Она положила много сил, чтобы исправиться самой и исправить меня. Но если боги кого калечат, то не для того, чтобы он просто так исцелился. Она была отважной маленькой девочкой, моя сестра, она была готова на многое ради семьи. Тогда я этого не понимал.
Той зимой мне уже почти исполнилось тринадцать, я донашивал цветастое юношеское косодэ и подростковый пучок волос. Скоро я должен был облачиться в строгие одежды мужчины и получить мужскую прическу. Уже очень скоро.
А пока я ходил в школу.
Кроме прописей, счета, чтения классического «Пятикнижия» и воинского этикета мальчикам преподавали боевые искусства. Кроме большого лука, длинного копья, нам преподавали обращение с мечом.
Занятия с деревянным мечом оборачивались для меня ужасными неуклюжими корчами, пальцы не желали держать рукоять.
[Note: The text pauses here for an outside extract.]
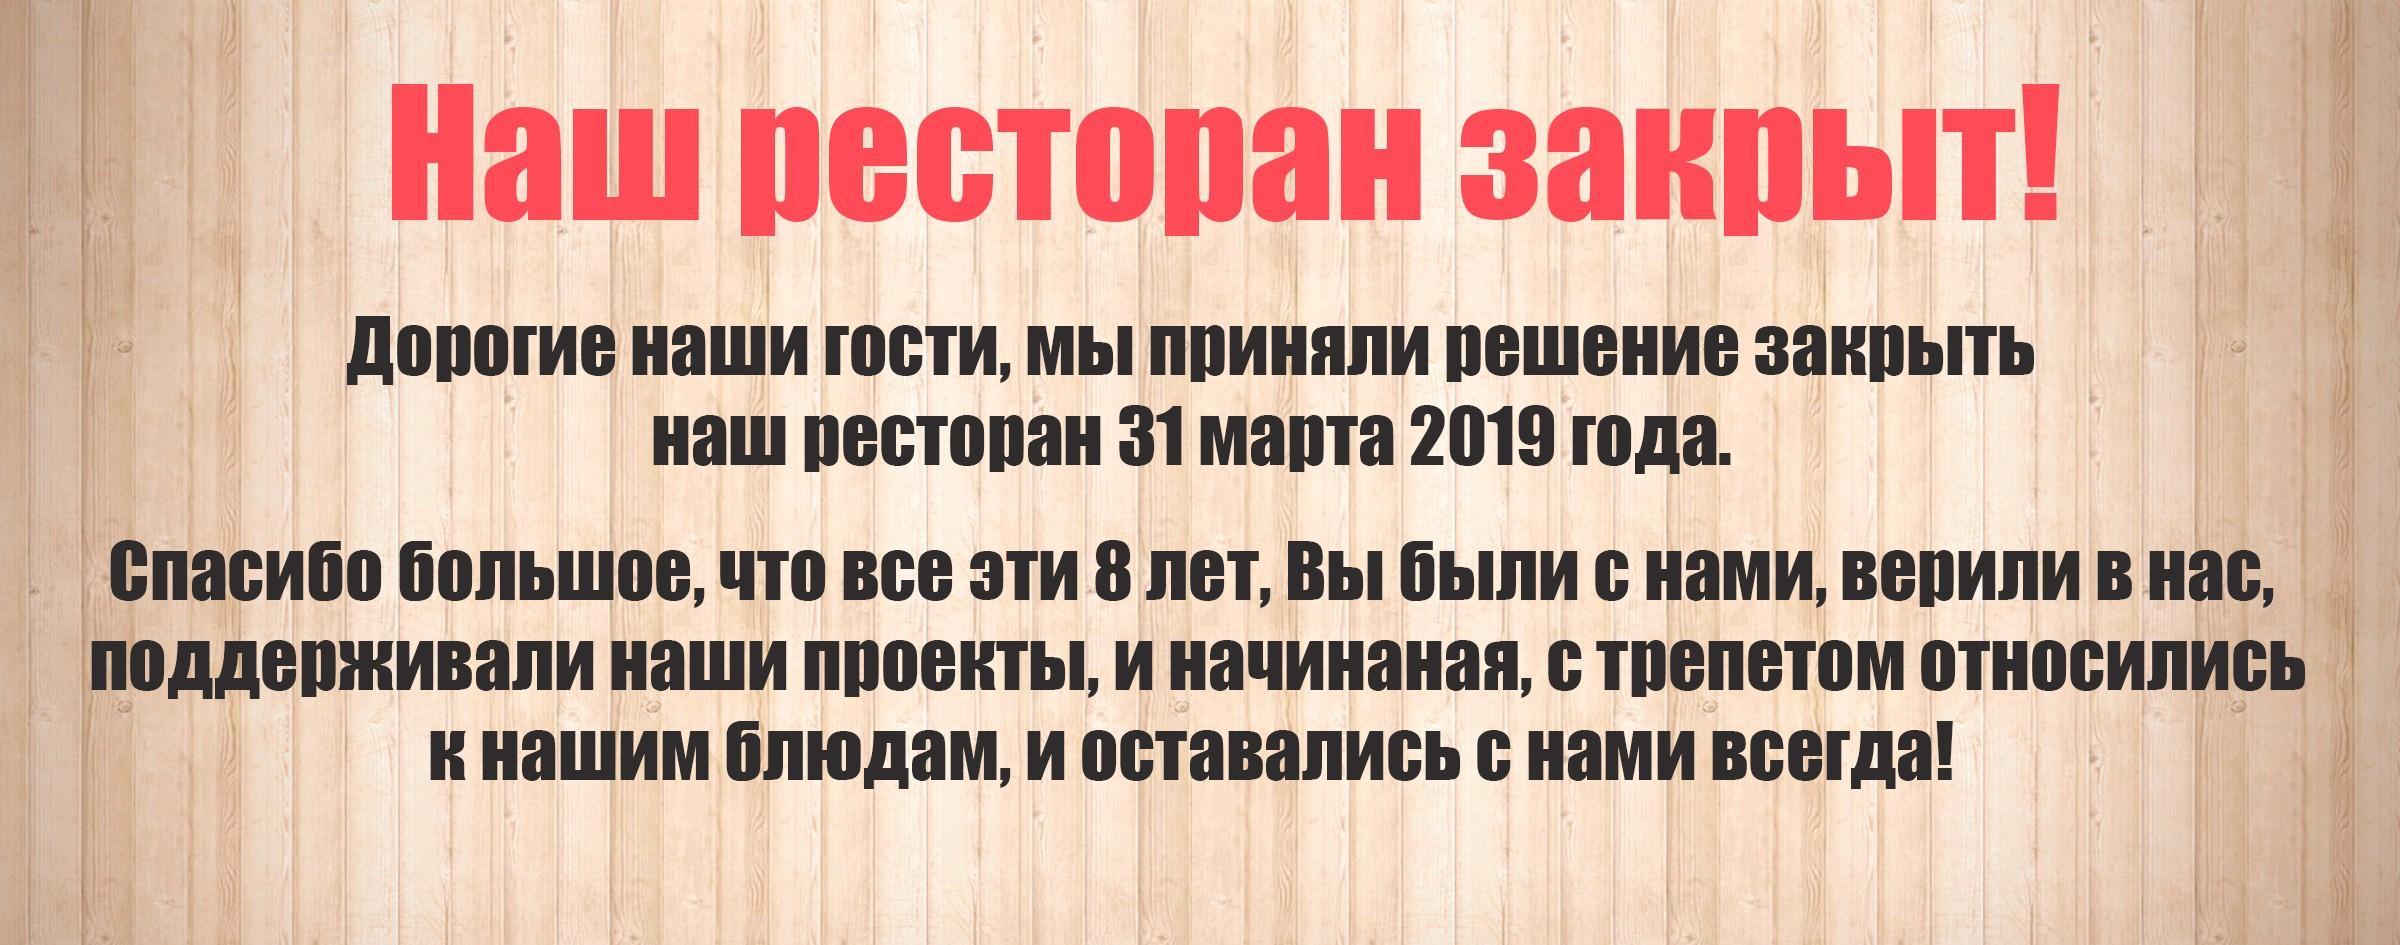 НАШ РЕСТОРАН ЗАКРЫВАЕТСЯ!
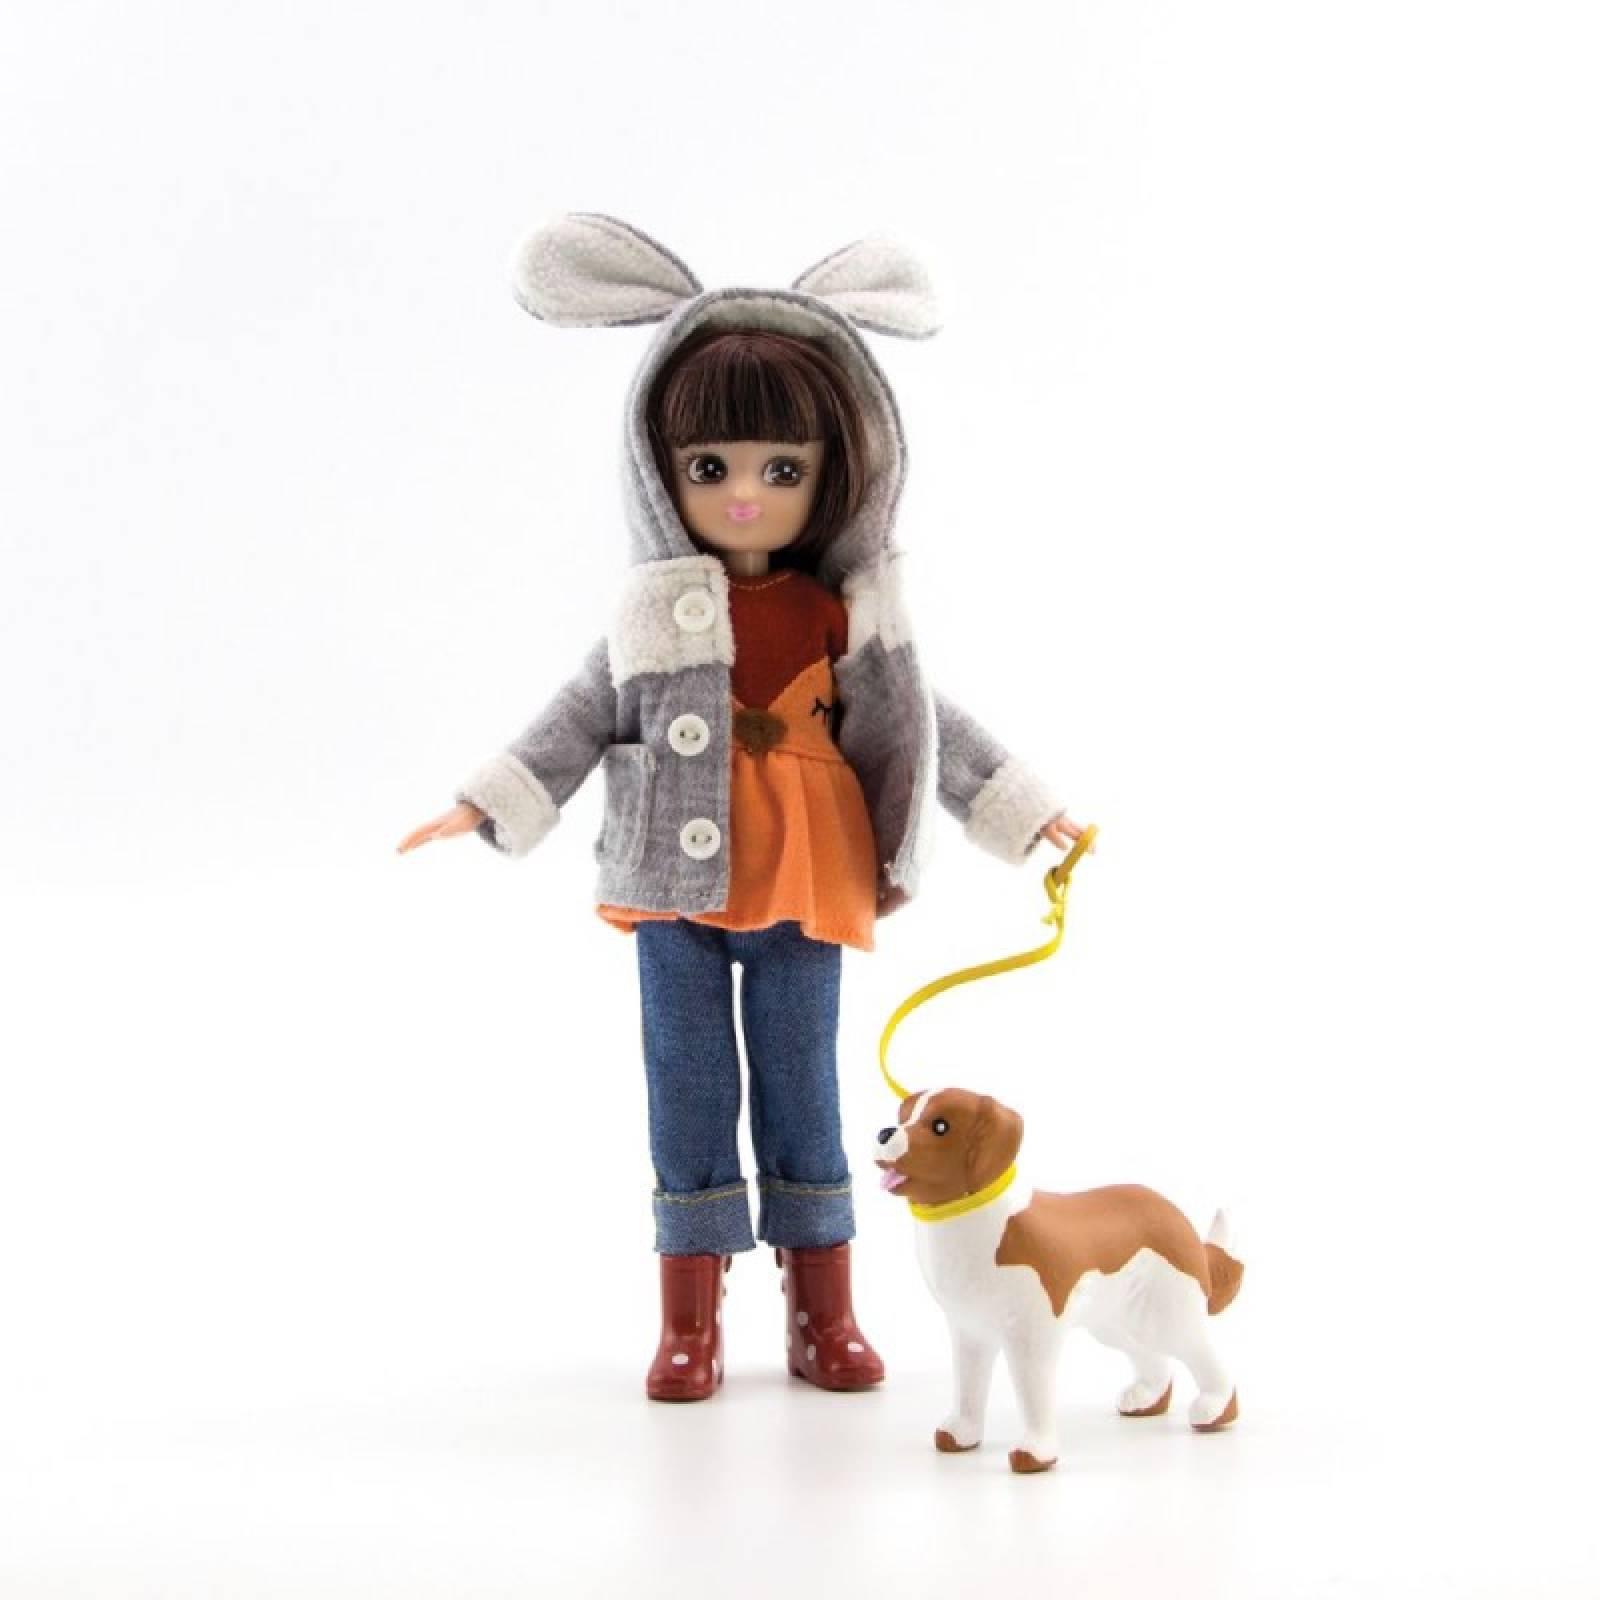 Walk In The Park Lottie Doll 3+

Под сдавленные смешки других учеников я ковылял по последовательности канонических движений, изящество которых заставляло учителя закрывать в мучении глаза.
Со мной невыносимо было работать в паре. Я же держал деревянный меч не с той стороны.
Иногда раздражение учителя прорывалось наружу.
– Не та рука! – выкрикнул учитель и больно ударил меня своим деревянным мечом, самым кончиком, чуть выше запястья.
В нашей школе уже были не в ходу настоящие мечи, как водилось в школах времен Междоусобицы, – для обучения использовали деревянные, из белого дуба, увесистые, слегка изогнутые, удобно ложившиеся в руку. И больно отбивавшие тело, если ты пропускал удар.
Рука сразу отсохла, бессильно упала. Теперь я держал свой меч только одной правильной рукой. Было больно. И обидно. Тяжело было смирить рвущуюся наружу ярость.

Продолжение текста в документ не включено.